Ditto Alex's comment.
Odered up this book just now.....who would have thought being a GSM included knowing a little about SEO?
This is one of my continuing projects - updating local directories. I have learned the hard way that when you go and correct and incorrect listing, it can reappear a month later what that local site updates from another feed with incorrect info. With that learned, my efforts have been to try and correct the sources where incorrect info about our dealerships is being sent from. Jamie - do you know how to solve this?
Here is a list of sites to add a free local business listing that will help with local search. Often you will see these sites appear on Google Page one for business names so they are value for your automotive SEO program.

Keep in mind that if the site has a "description of service" box or company profile, write a good paragraph or more that includes your brand name, your location as well as words about service, parts and extended warranties.

Service Departments are often not discussed in SEO tactical posts but if you start adding service to your directory keyword strategy you will be surprised to see what happens.

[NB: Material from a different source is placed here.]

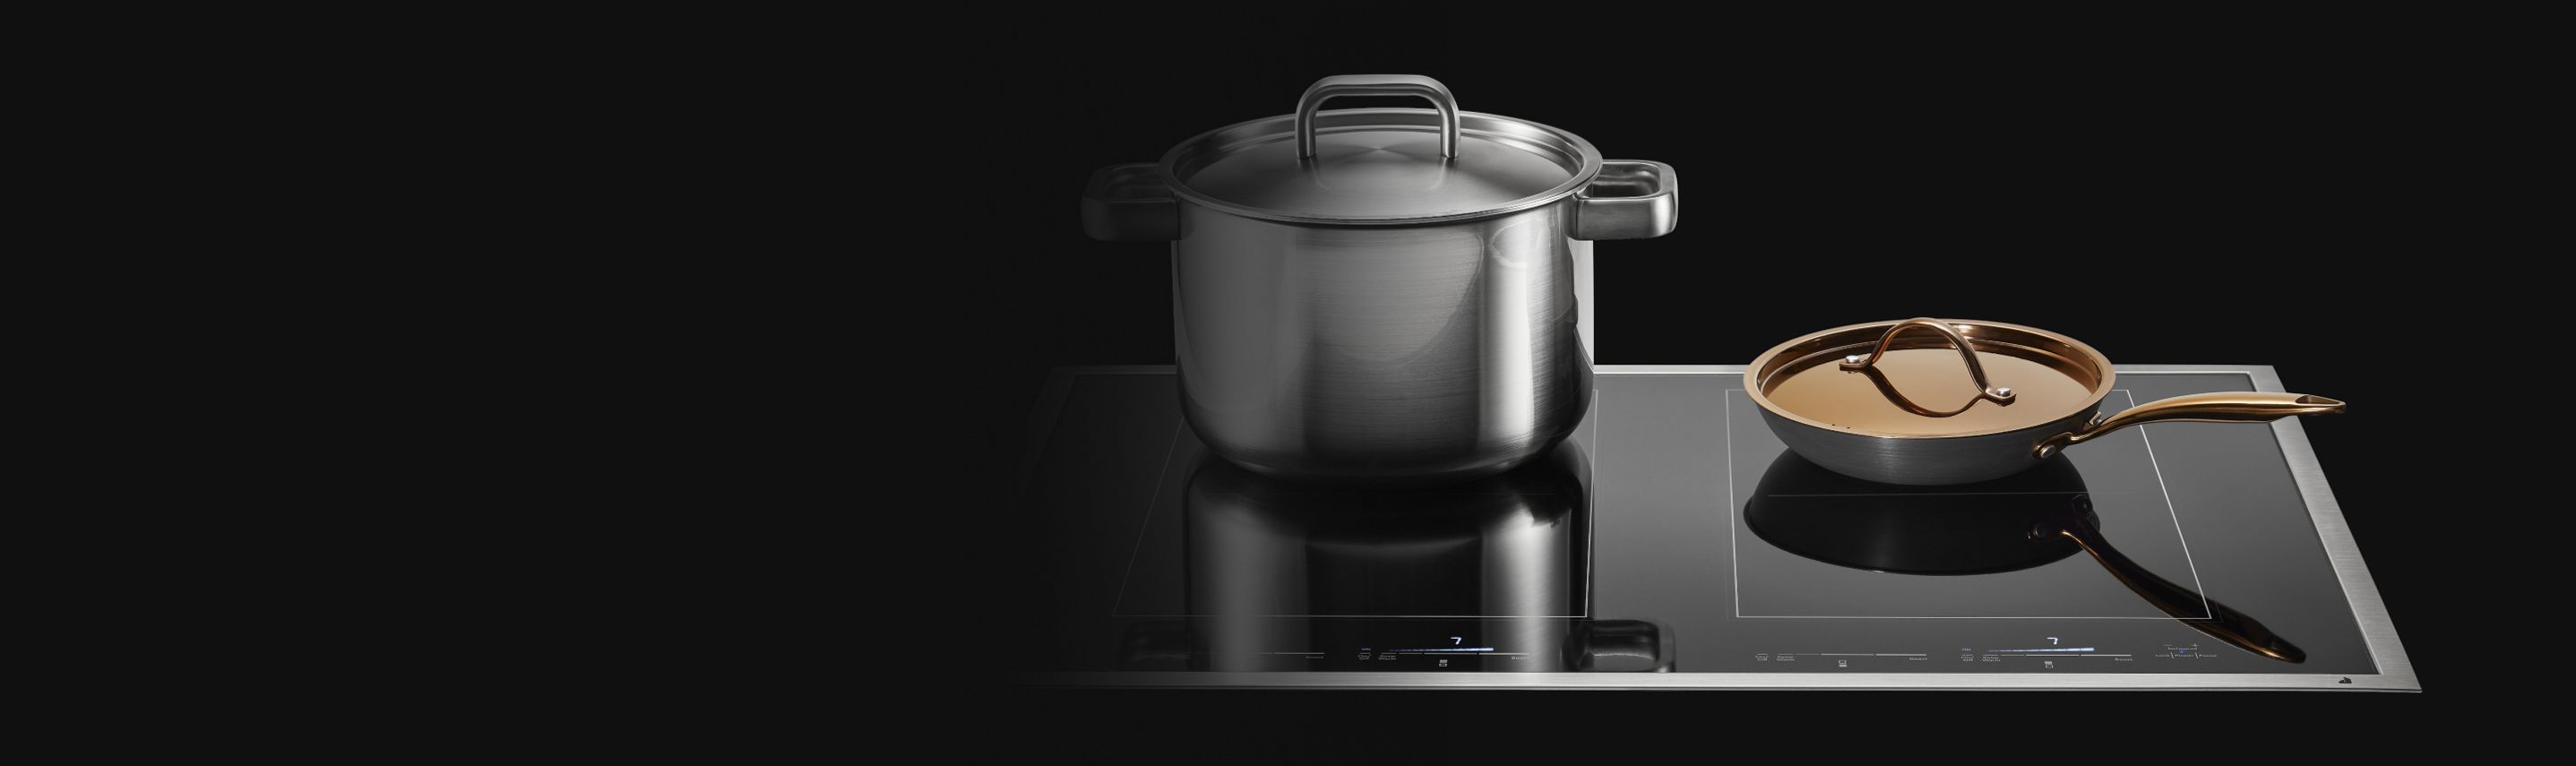 A stockpot and copper pan on a JennAir Induction Cooktop. 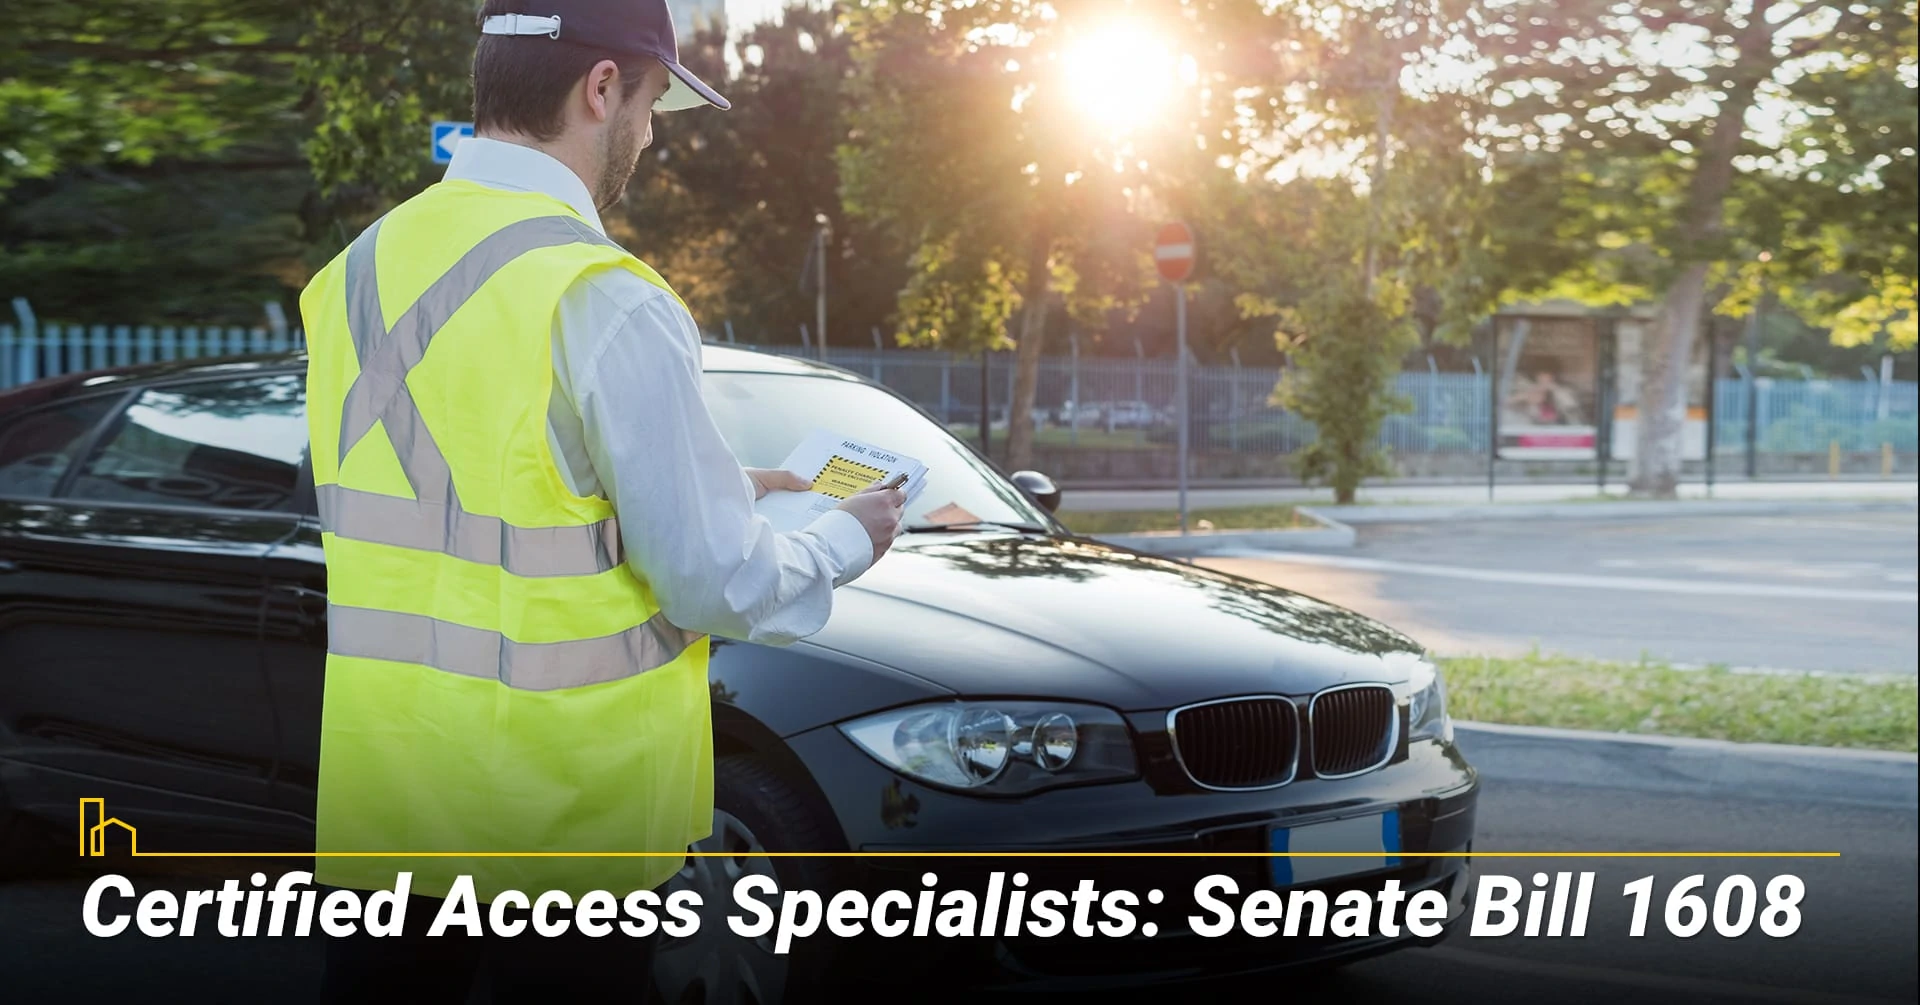 Certified Access Specialist, work with a certified access specialist

These are tried and true sites:

Here are a few sites that can be optimized for your personal name which can include your dealership name and locale.

Local search is very powerful and all business owners should make sure your free local directory listing are correct.

While you are checking them, take a peek at the review and make sure your customer feedback is balanced and not just filled with negative reviews.

We (ReachLocal) help a couple of hundred franchise clients w/ local directory listings via a partnership w/ Localeze. As I mentioned before - it's a very cheap service and they do a goob job syndicating your correct business information across close to 150 directories. Feel free to contact me and I can put you in touch w/ someone directly at Localeze who can help you out.

[email protected]
Rebecca, nice article. In addition to understanding what local is for the area in question (NYC vs Montana), its important to understand the difference in categories. Consumers will drive further to see a dealership or lawyer, for example, than they will for a pizza. These service areas are based less on proximity. FastCall411 has a few examples of this on the site.
There are too many local marketing companies out that that can't really promise the outcome. Local businesses is losing confidence to pay for all those local advertisement.

Local coupon network is FREE and is hoping to build the largest local coupon network in North America. So all local businesses will be able to share the search engine traffic and acquire more local shoppers.
This is a GREAT article. I'm curious if people have found resources to independently update all their listings as a dealership. That seems to be something many companies struggle with.

As Jamie pointed out, SEM companies like ReachLocal, Performics, Cuneo can help with this but I'd love to be able to direct people to the right resources to do it themselves, because it's such a key item to consider.